Making of: What do you eat in Bremen?

Bei Fiedlers wurde der benötigte Fisch eingekauft.

Los ging es bei den Dreharbeiten also bei Fiedlers Fischmarkt, dem traditionsreichen Fischhandel in Bremerhaven. Nach dem Einkauf war die zweite Station für Ursula Heinzelmann und das sechs-köpfige Team das Seefisch Kochstudio. Hier wurde zusammen mit dem Chefkoch Ralf Harms für die Dreharbeiten die Fischsuppe gekocht.
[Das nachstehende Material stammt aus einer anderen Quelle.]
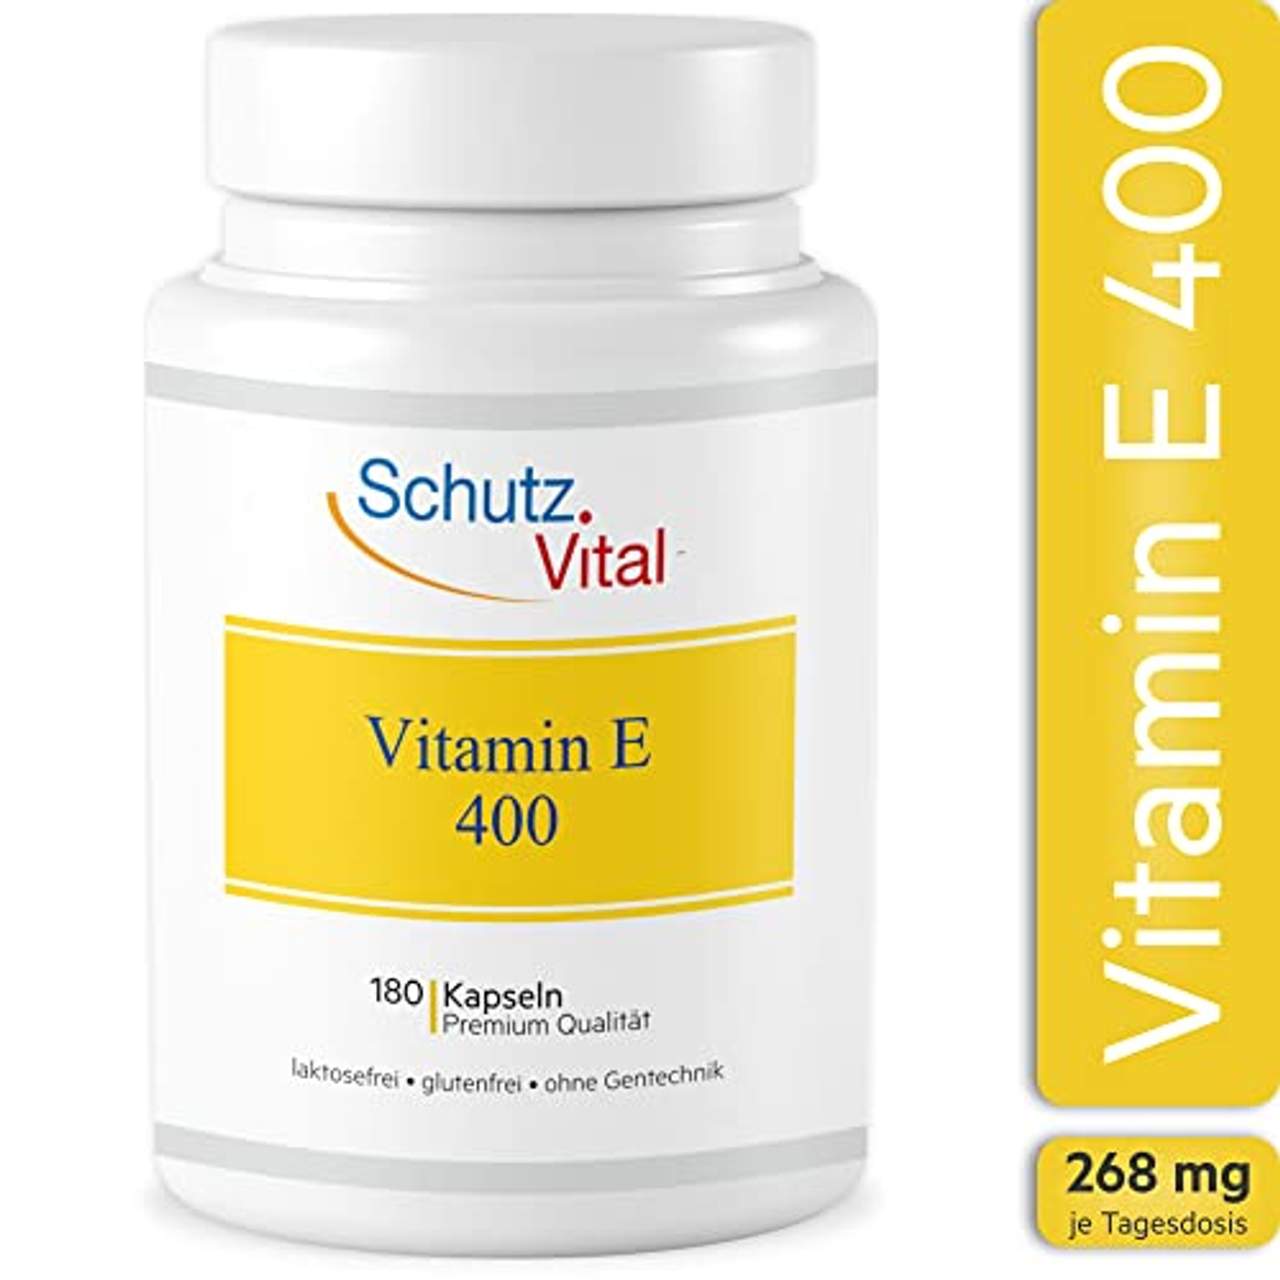 Schutz Vital Vitamin E hochdosiert
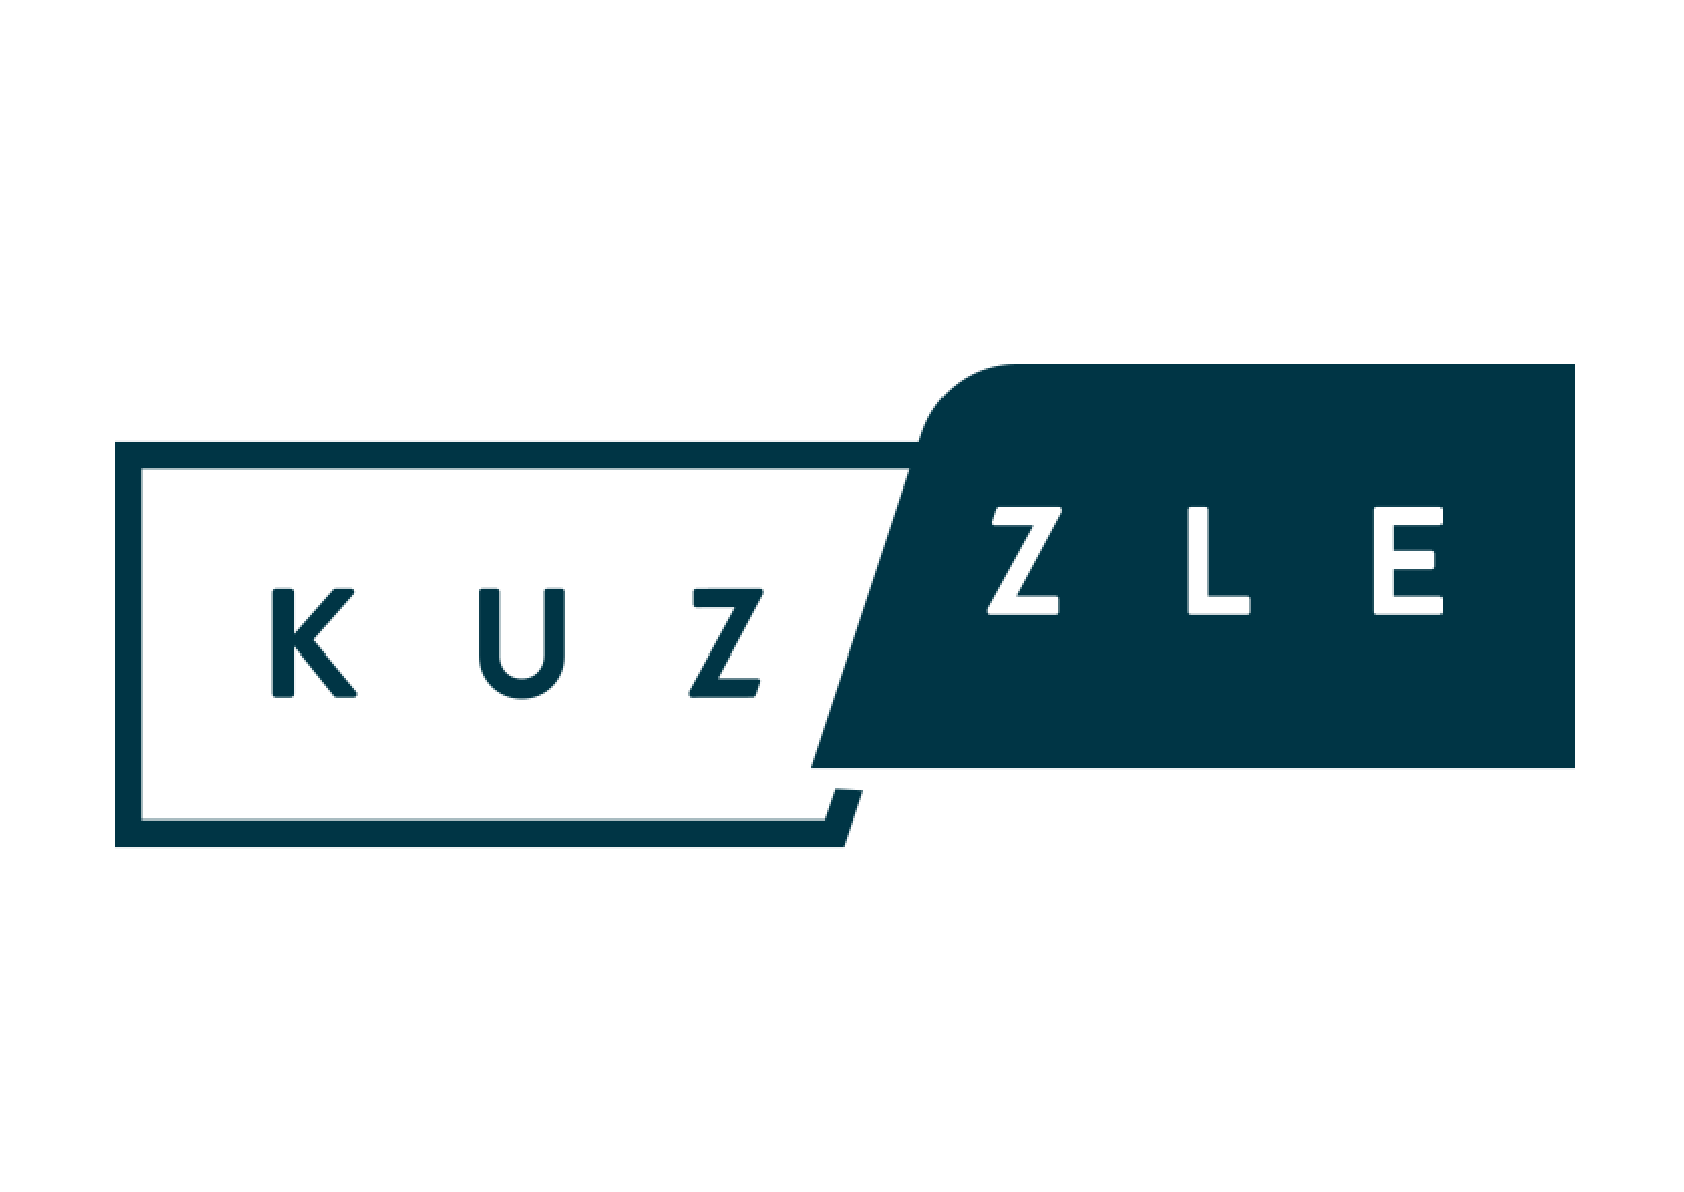 Kuzzle

Making of: What do you eat in Bremen?

Vor dem Kochen hieß es: schnibbeln und vorbereiten

Making of: What do you eat in Bremen?

#enjoyGermanFood – da ist der Name Programm

Insgesamt viermal wurde die Suppe angesetzt für die Dreharbeiten – also gab es genug zum Probieren für die ganze Mannschaft. Nach dem Kochen ging es dann für Ursula Heinzelmann und Ralf Harms vor die Türen des Kochstudios direkt ans Wasser am Schaufenster Fischereihafen. Dort durften die beiden ihr Werk probieren – passend dazu gab es einen Riesling Alte Rebe aus dem Bremer Ratskeller. Wenn das kein würdiger Rahmen ist, um eine frisch gekochte Fischsuppe zu genießen, weiß ich auch nicht :)
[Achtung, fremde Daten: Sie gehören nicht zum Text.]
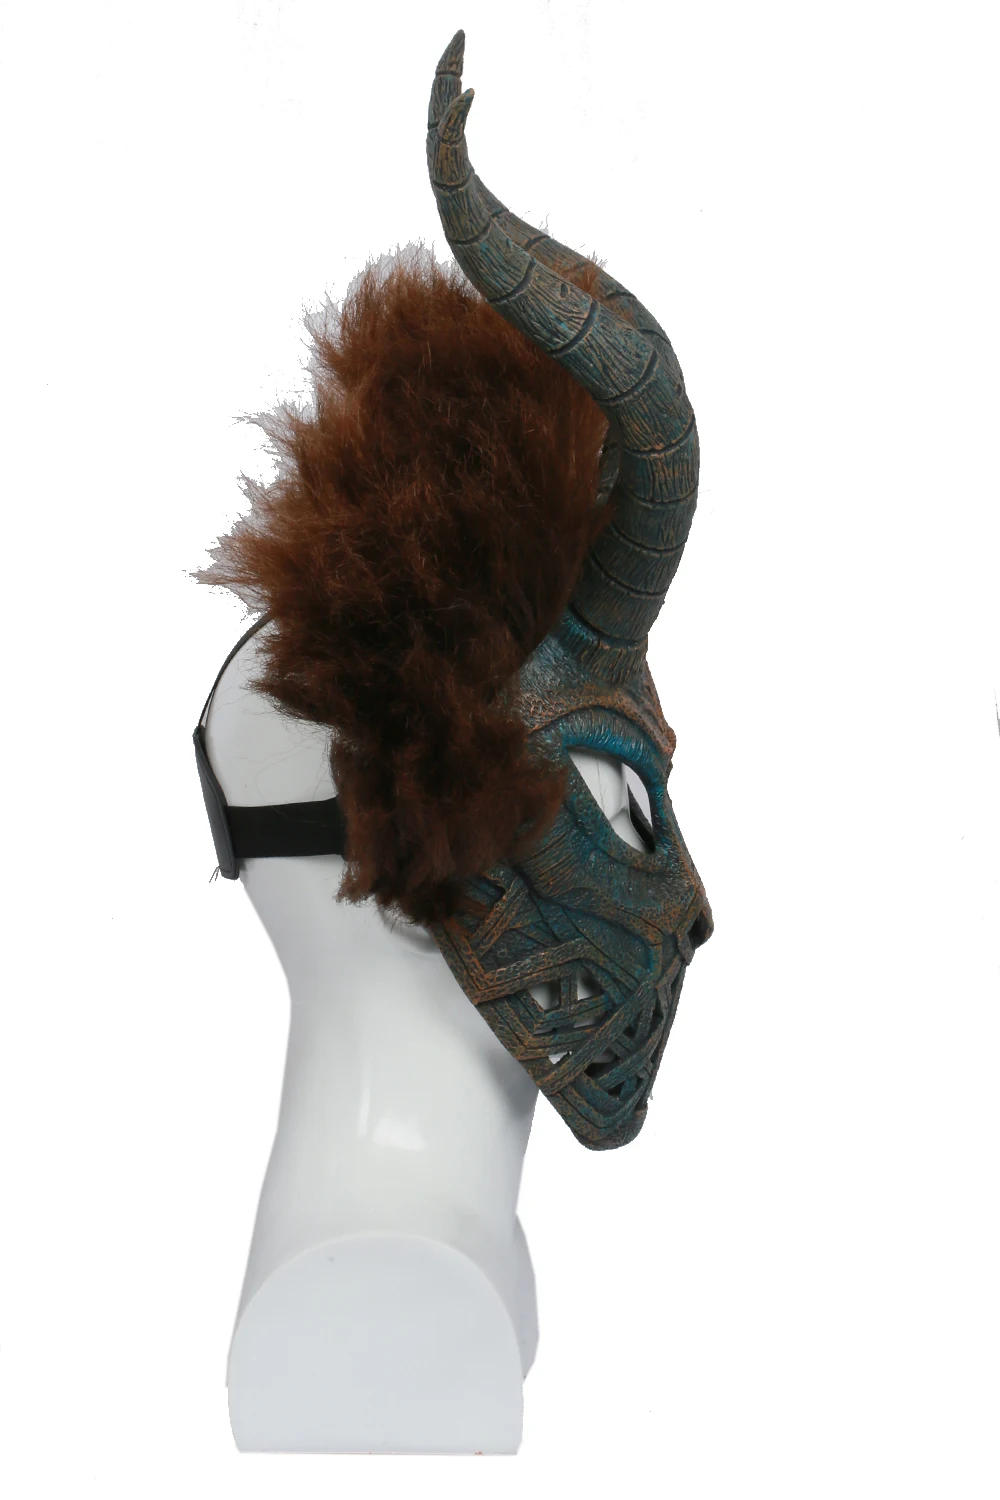 Coslive Erik Killmonger шлем маски для Косплей Черная пантера фильм косплей коричневая маска с париком костюм бутафорские аксессуары

Making of: What do you eat in Bremen?

Die beiden Protagonisten durften die Suppe im Anschluss direkt am Wasser genießen. Foto: Martina Buchholz / Fischereihafen Betriebsgesellschaft mbH

Und jetzt haben wir noch etwas für euch: Das Seefisch Kochstudio hat uns netter Weise das Originalrezept von dem Dreh zur Verfügung gestellt und wir dürfen es mit euch teilen. Vielen Dank dafür! Lasst es euch schmecken und erzählt uns gerne davon, wenn ihr die Suppe nachgekocht habt.

Wenn ihr noch mehr über Kulinarik in Bremen erfahren wollt, dann klickt euch doch mal in unsere Themenseite #tastebremen.
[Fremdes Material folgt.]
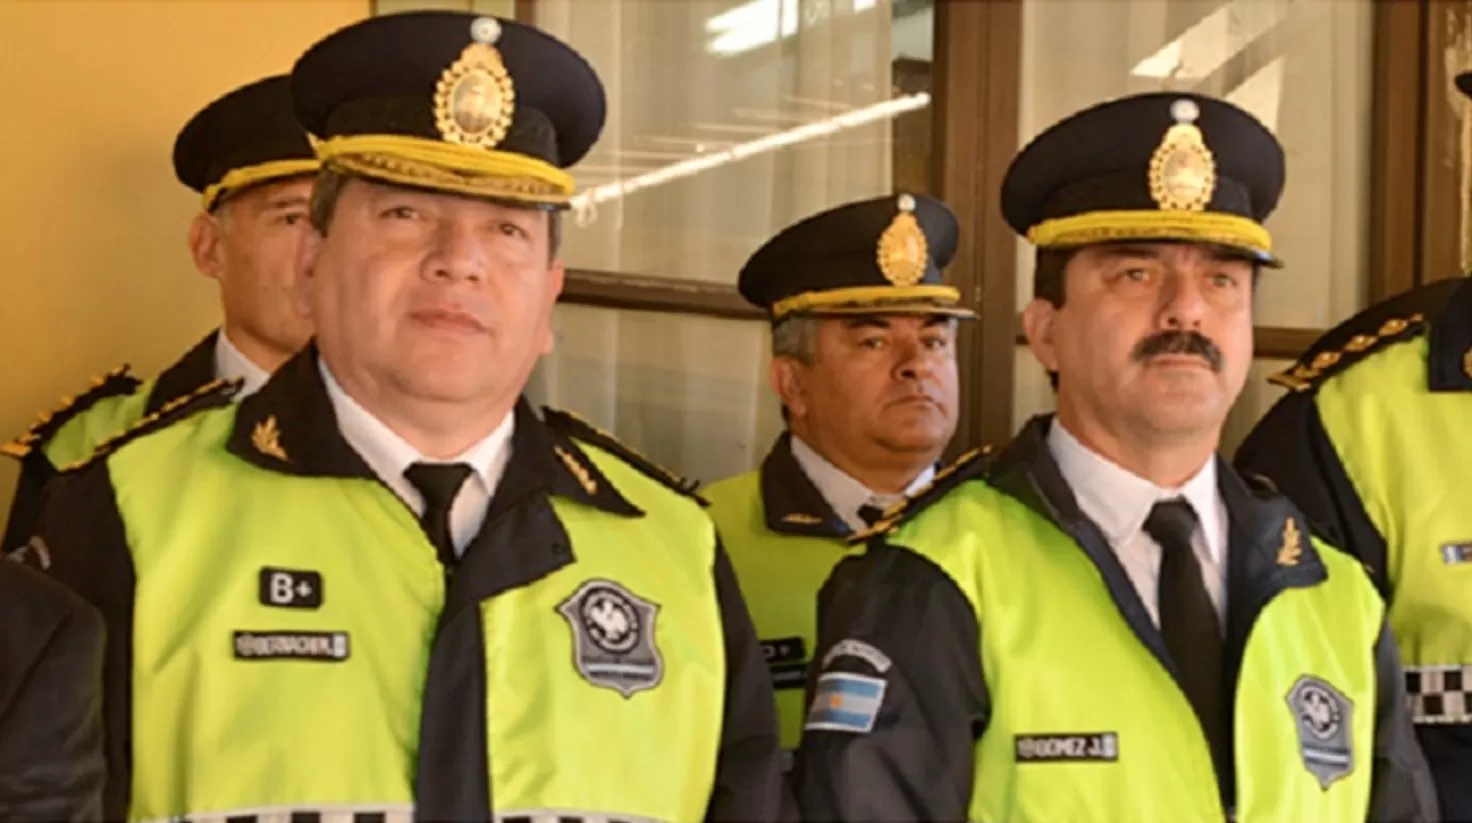 LAS AUTORIDADES. El jefe y el subjefe de la Policía de Tucumán.

Rezept der original Bremerhavener Fischsuppe

Fischzutaten:
750 g Seefischfilet
(z.B. Rotbarschfilet,
Seelachsfilet, Lengfischfilet)
100 g Muschelfleisch
50 g Krabbenfleisch

Für die Suppe:
1 ½ l Gemüsebrühe
1 Zwiebel
1 Bund Suppengrün
1 Knoblauchzehe
3 EL Olivenöl
2 Eigelb
¼ Tasse Sahne
Je ½ Bund Petersilie und Dill, gehackt
1 Messerspitze Curcuma
1 Messerspitze Cayennepfeffer

  • Die Knoblauchzehe putzen und zerdrücken. Das übrige Gemüse putzen und in feine Streifen schneiden und im Olivenöl und dem zerdrückten Knoblauch anschwitzen.
  • Mit der Gemüsebrühe auffüllen, Gewürze hinzufügen.
  • In der Zwischenzeit die gesäuberten Filets in Stücke schneiden, zusammen mit den Meeresfrüchten in die Brühe geben und bei schwacher Hitze etwa 5 Minuten gar ziehen lassen.
  • Die Sahne mit dem Eigelb verrühren und die Suppe damit legieren (nicht mehr kochen lassen!).
  • Eventuell noch etwas nachwürzen, mit Petersilie und Dill bestreuen und servieren.
Fischsuppe im Seefischkochstudio

Das Rezept aus den 30er Jahren ist neu interpertiert worden.